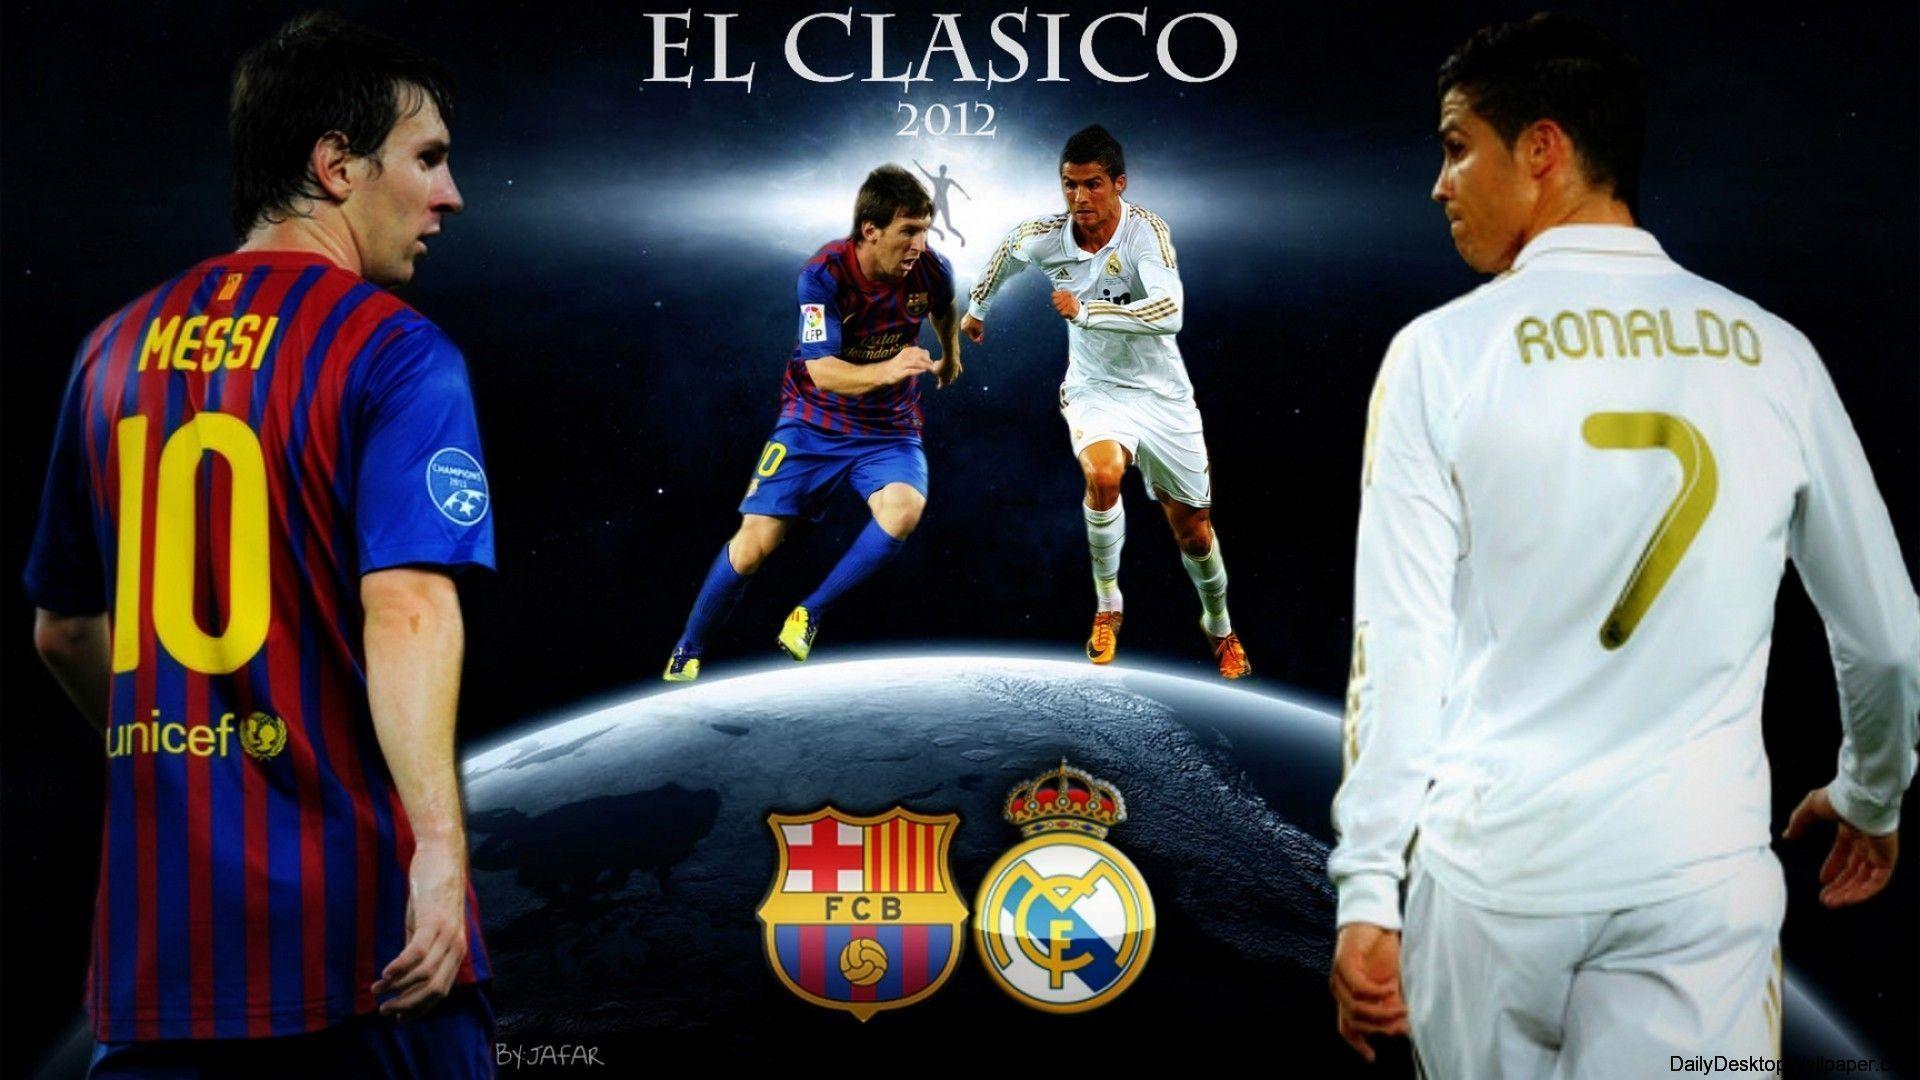 Messi Vs Ronaldo Wallpaper 2015 HD. All
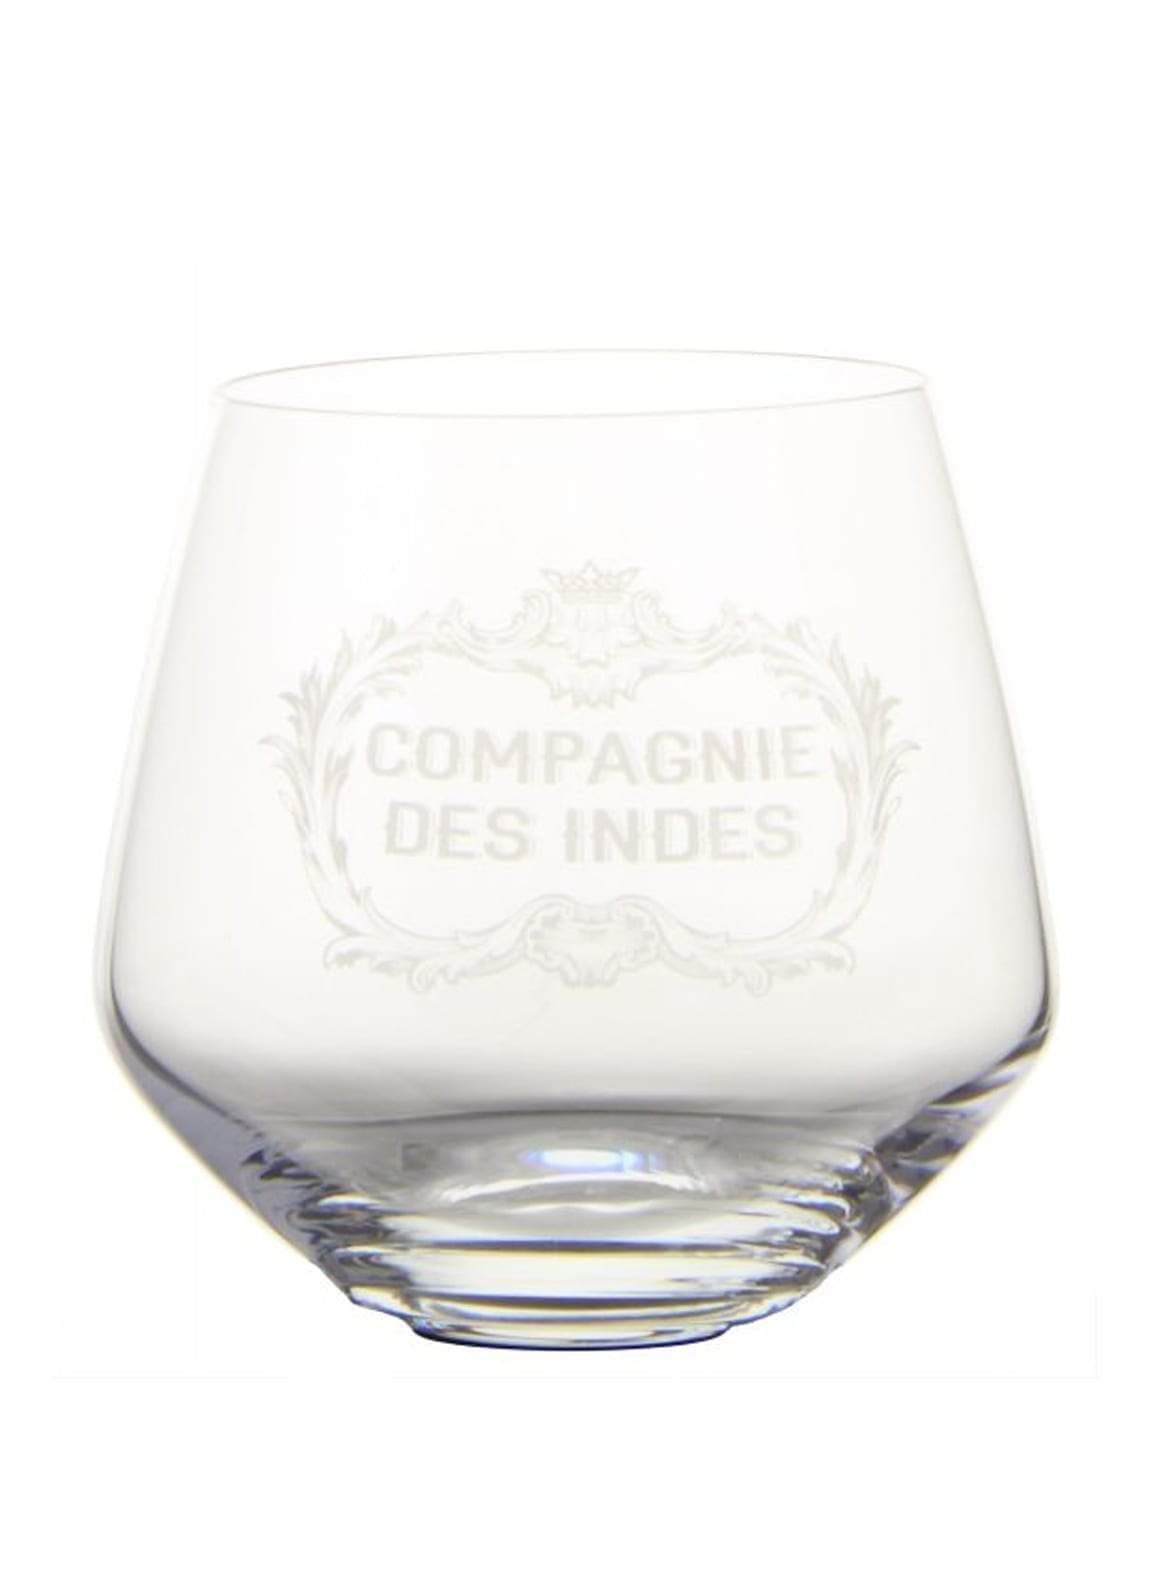 Compagnie des Indes Engraved Rum Balloon Glasses | Glass | Shop online at Spirits of France
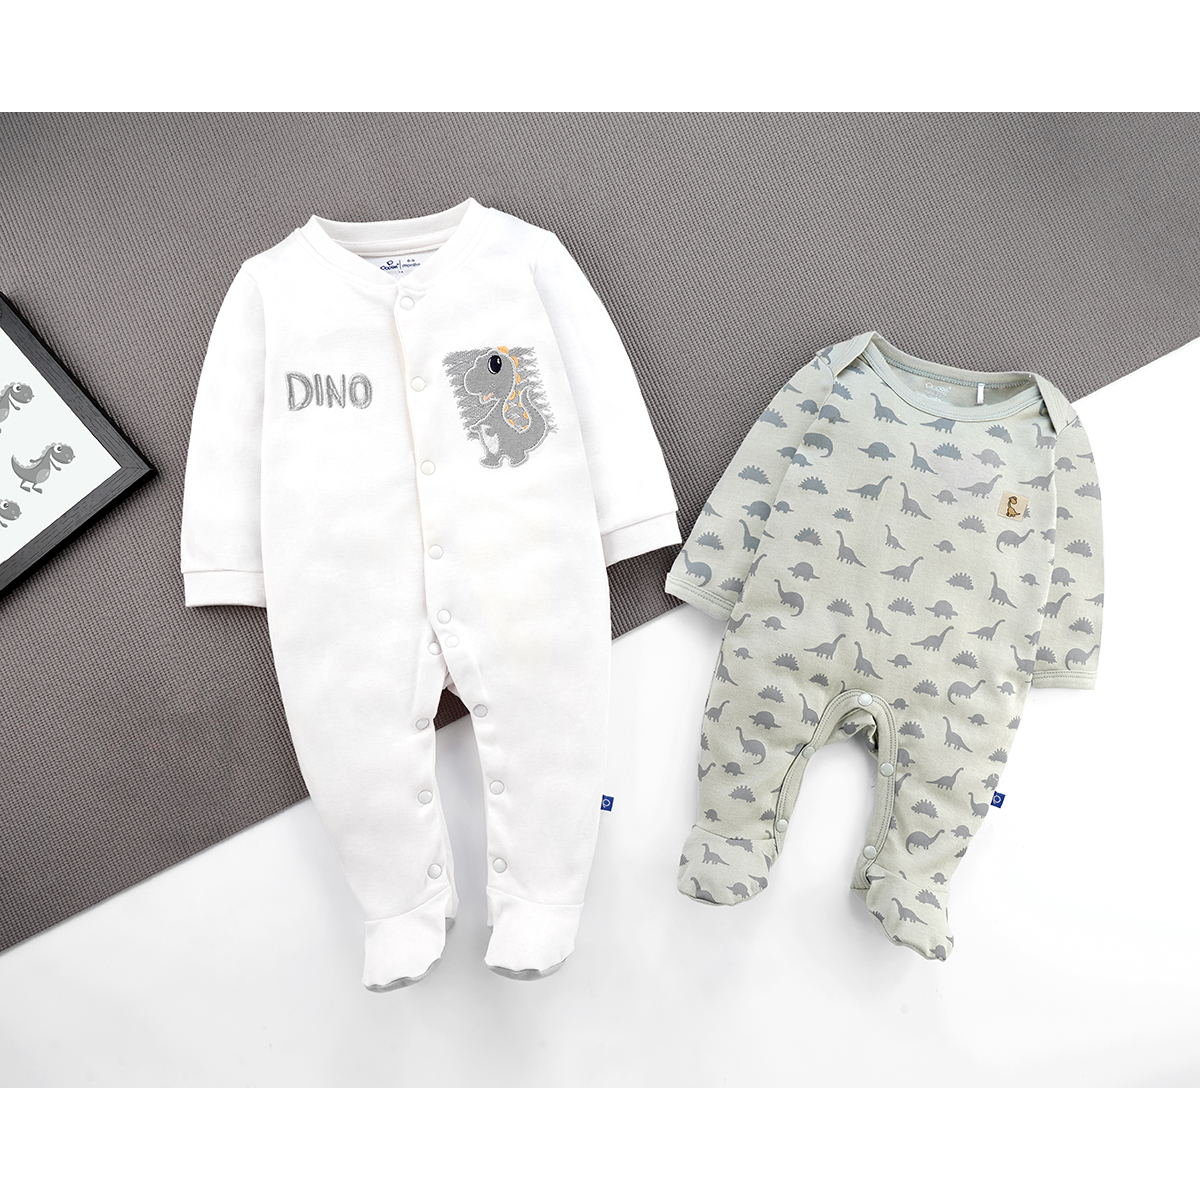 CLETA-2PC Sleep-suit set (Boys, 0-3 Months) - B & T Collections

################

• WHAT IS BEING ASKED
Repeat the data in full, exactly as it stands, but drop every picture.

• OUTPUT OF THE TASK
 Messi Vs Ronaldo Wallpaper 2015 HD. All
 Compagnie des Indes Engraved Rum Balloon Glasses | Glass | Shop online at Spirits of France
 CLETA-2PC Sleep-suit set (Boys, 0-3 Months) - B & T Collections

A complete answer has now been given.